U.S. says 'not at all concerned' about Japan's plutonium
VIENNA (Reuters) - The United States is not worried about Japan's plutonium stocks, a senior U.S. diplomat said on Wednesday, following criticism raised by China in a new dispute between the east Asian neighbors.
"We are not at all concerned that the plutonium is either being handled improperly or that there isn't a plan for disposition," Joseph Macmanus, the U.S. ambassador to the U.N. nuclear agency, told reporters in response to a question.
Last month, Beijing said it was "extremely concerned" by a report that Japan has resisted returning to the United States more than 300 kg (660 lb) of mostly weapons-grade plutonium.

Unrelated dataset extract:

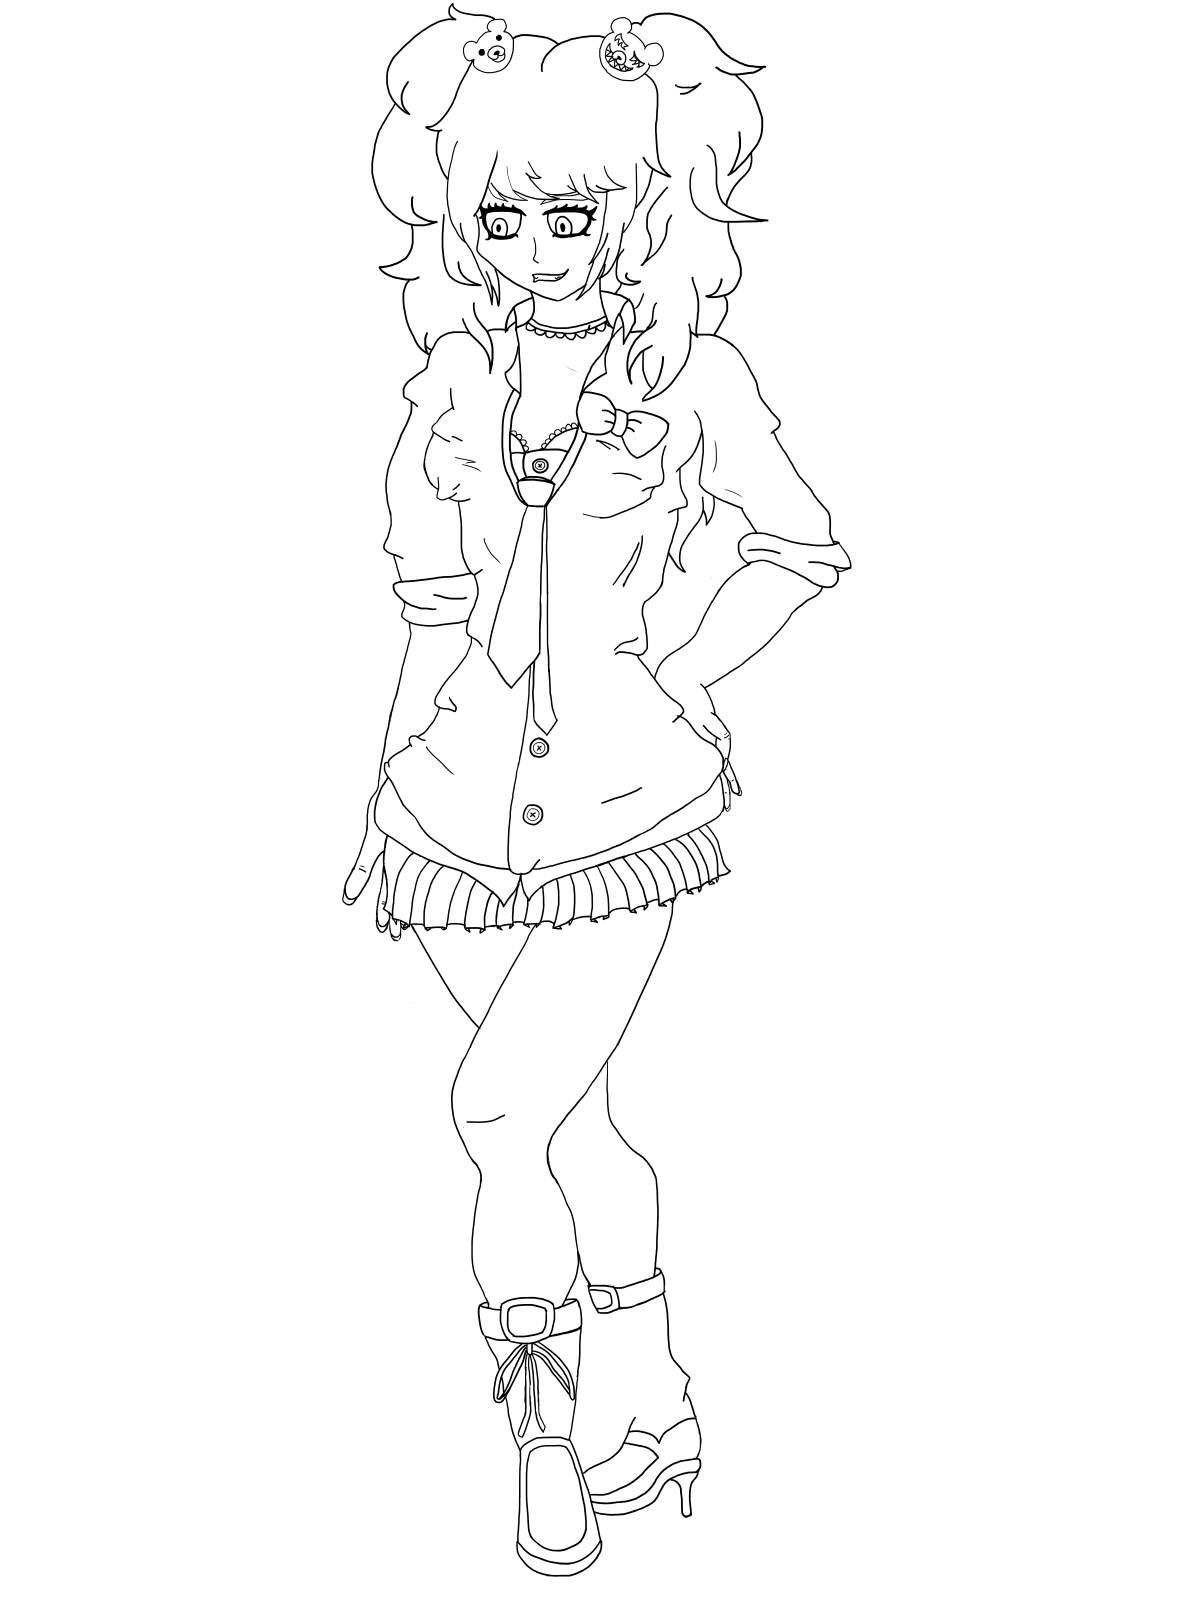 Junko_1_wip_2.png

Japan's Kyodo news agency said the United States had pressed Japan to give back the nuclear material, which could be used to make up to 50 nuclear bombs. Japan had balked, but finally given in to U.S. demands, Kyodo said.
The material was bought for research purposes during the 1960s and the two governments will likely reach an official agreement on its return at the Nuclear Security Summit in The Hague in March, an official at Japan's Education Ministry said.
Japan also has plutonium contained in spent nuclear fuel at civil reactor and reprocessing sites - totaling 159 metric tons (175 tons) at the end of 2012, according to Japanese data posted on the website of the International Atomic Energy Agency (IAEA).
Macmanus said "plutonium and the disposition of plutonium stocks" was a central element of what he called a very successful diplomatic and energy partnership with Japan.
"We are satisfied that Japan understands what the conditions are for the use and the maintenance of those stocks and we are not concerned," he said.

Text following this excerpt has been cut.